Сергей Прокопьев
ПАРАДНАЯ НА УЛИЦЕ ГОГОЛЯ
Повесть
Надо любить всех, но если это не под силу,
хотя бы надо желать всем добра.
Преподобный Гавриил (Ургебадзе)
Два слова в качестве предисловия
Жизнь меняется на глазах. Каких-то лет пять назад хороший знакомый при встрече на улице подаст руку, пожелает здоровья, скажет добрые слова. Ты с радостью ответишь тем же. Сегодня тот же знакомый из уважения к тебе освободит ухо от наушника, дабы услышать твоё «здравствуй». Если степень уважения сравнима с той, которая раньше подвигала его снимать в поклоне шляпу или другой головной убор, сегодня он вытащит из ушей оба наушника. Дескать, для вас готов на всё.

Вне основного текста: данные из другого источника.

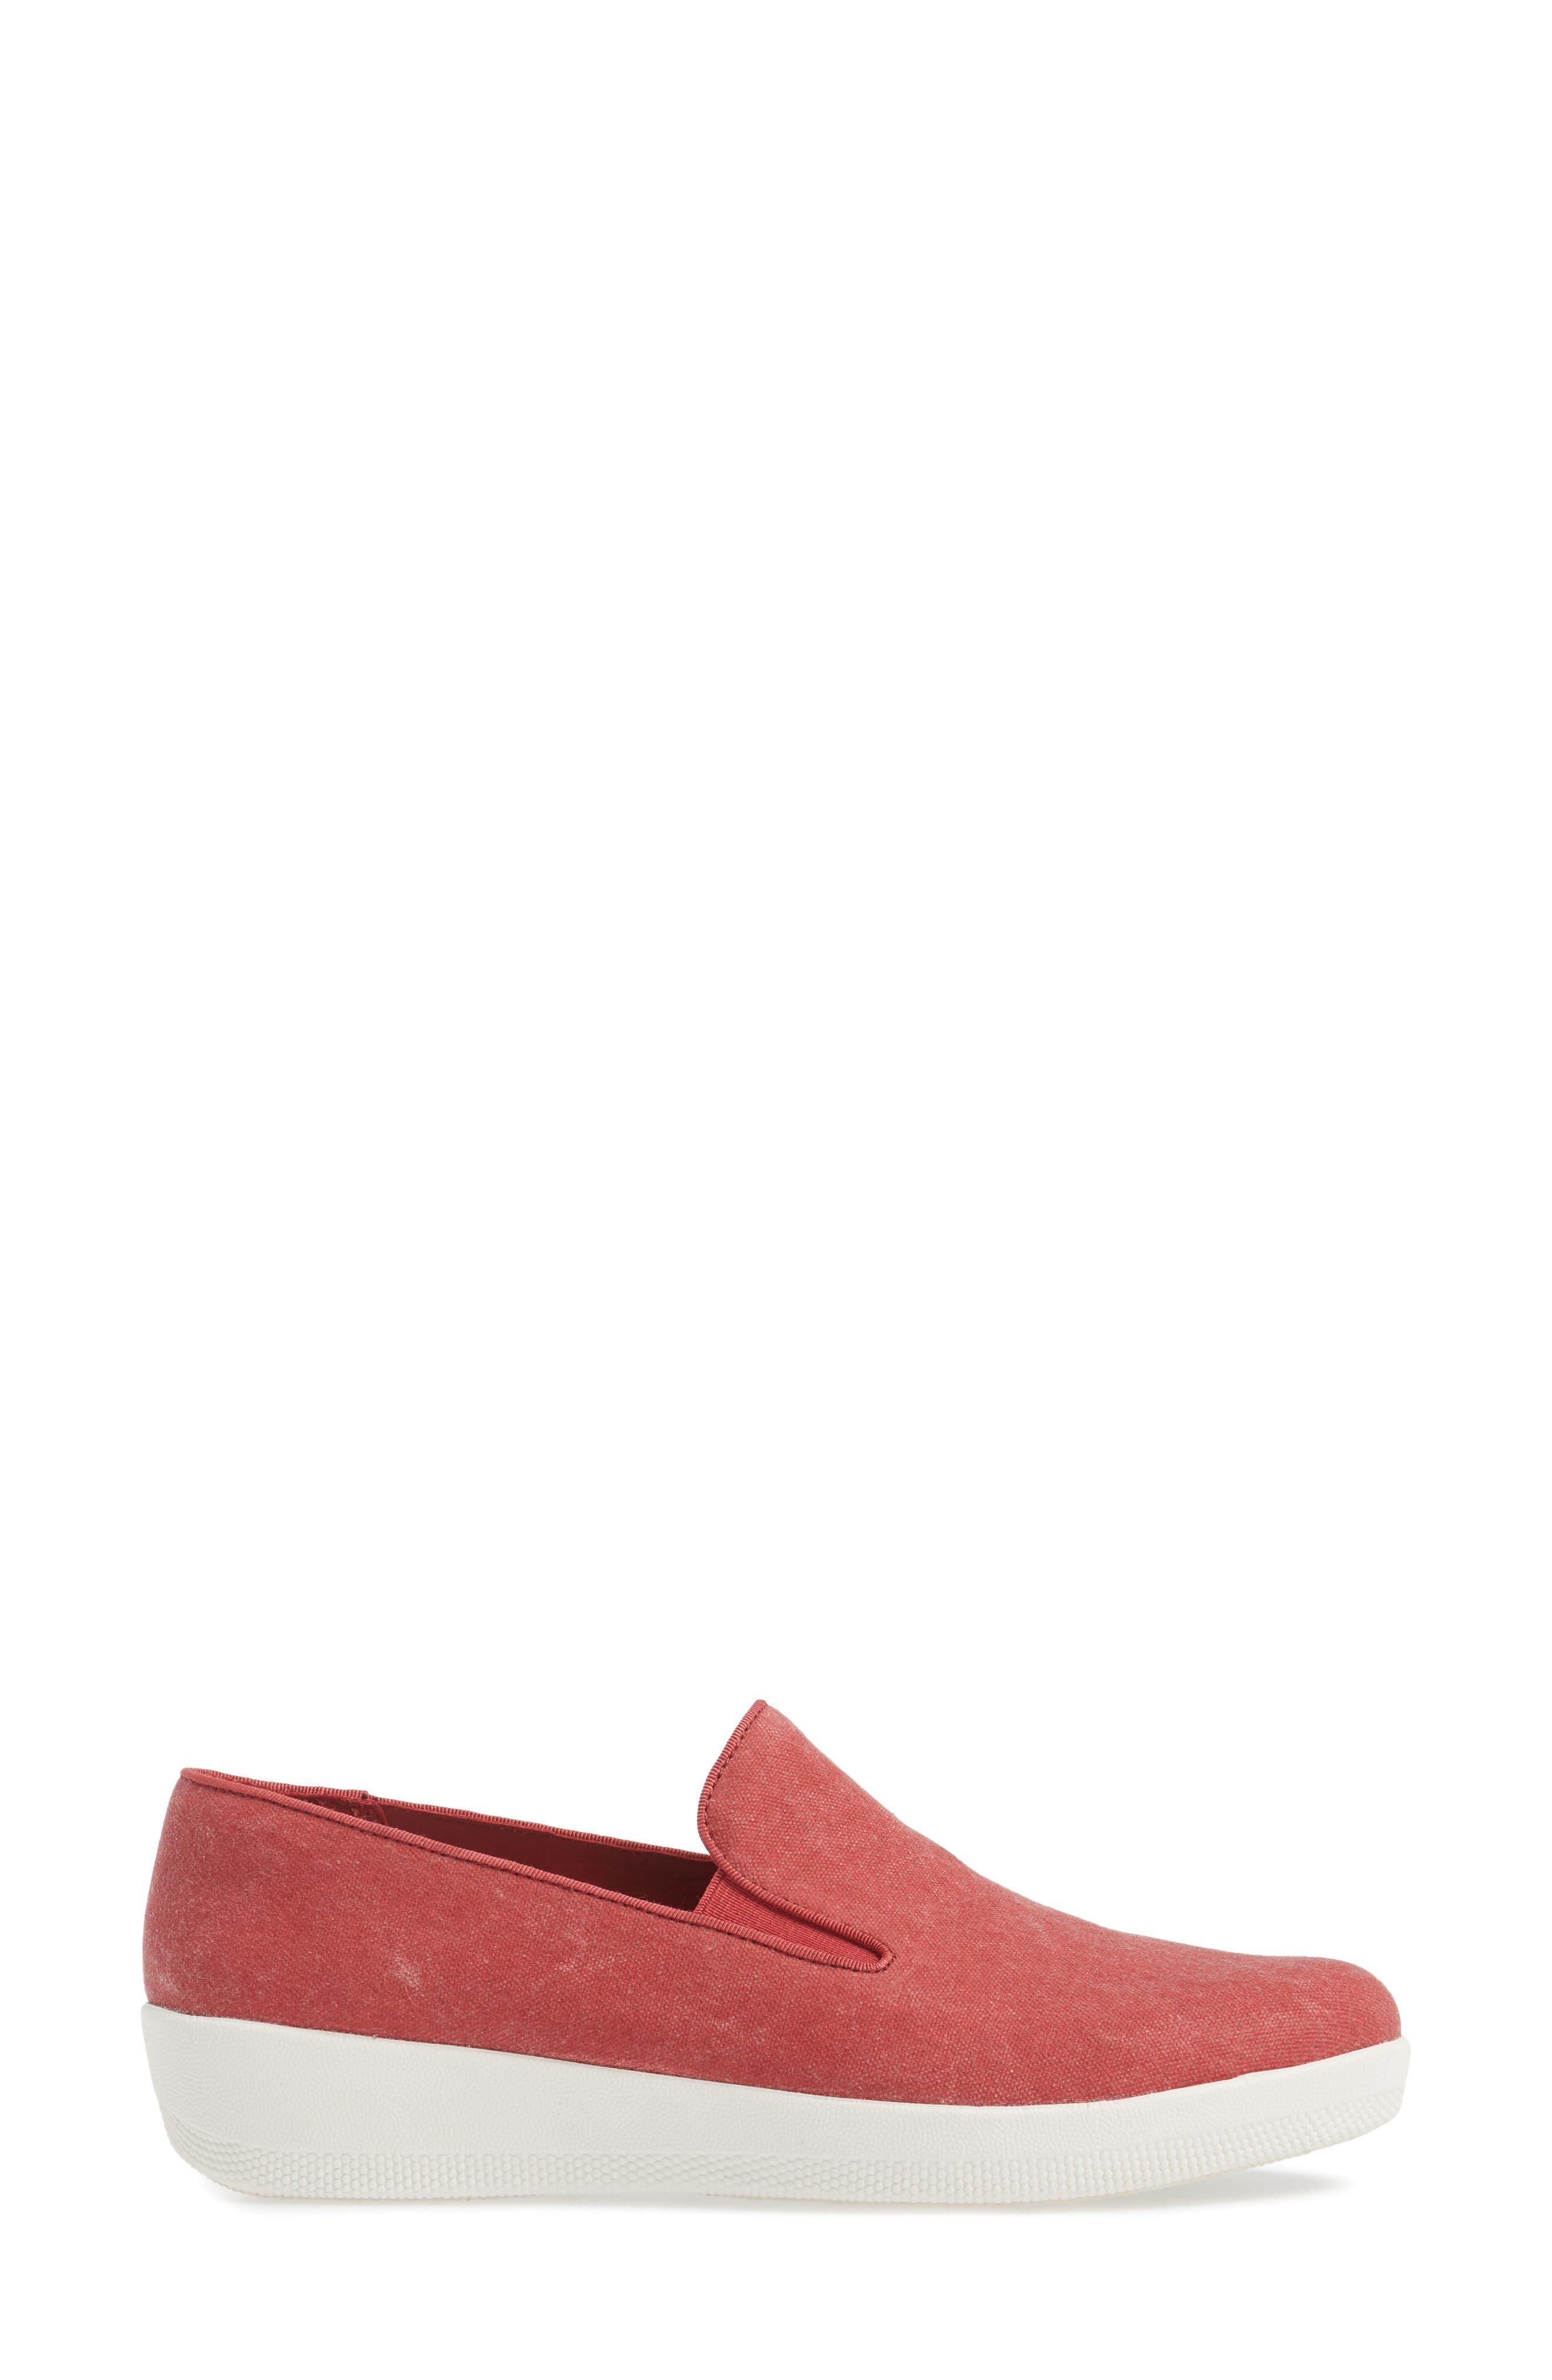 Superskate Slip-On Sneaker,                             Alternate thumbnail 59, color,

Стремительно меняется жизнь, изменяются люди, обновляют лики города, меняются дома.
Может ли дом быть героем повествования? А почему бы нет. Само собой, с обитателями – душой жилища. Давно замечено, дому стоять бы да стоять, да покинули его жильцы, и куда девалась былая крепость стен: стремительно начинает дом ветшать и стариться – душа ушла.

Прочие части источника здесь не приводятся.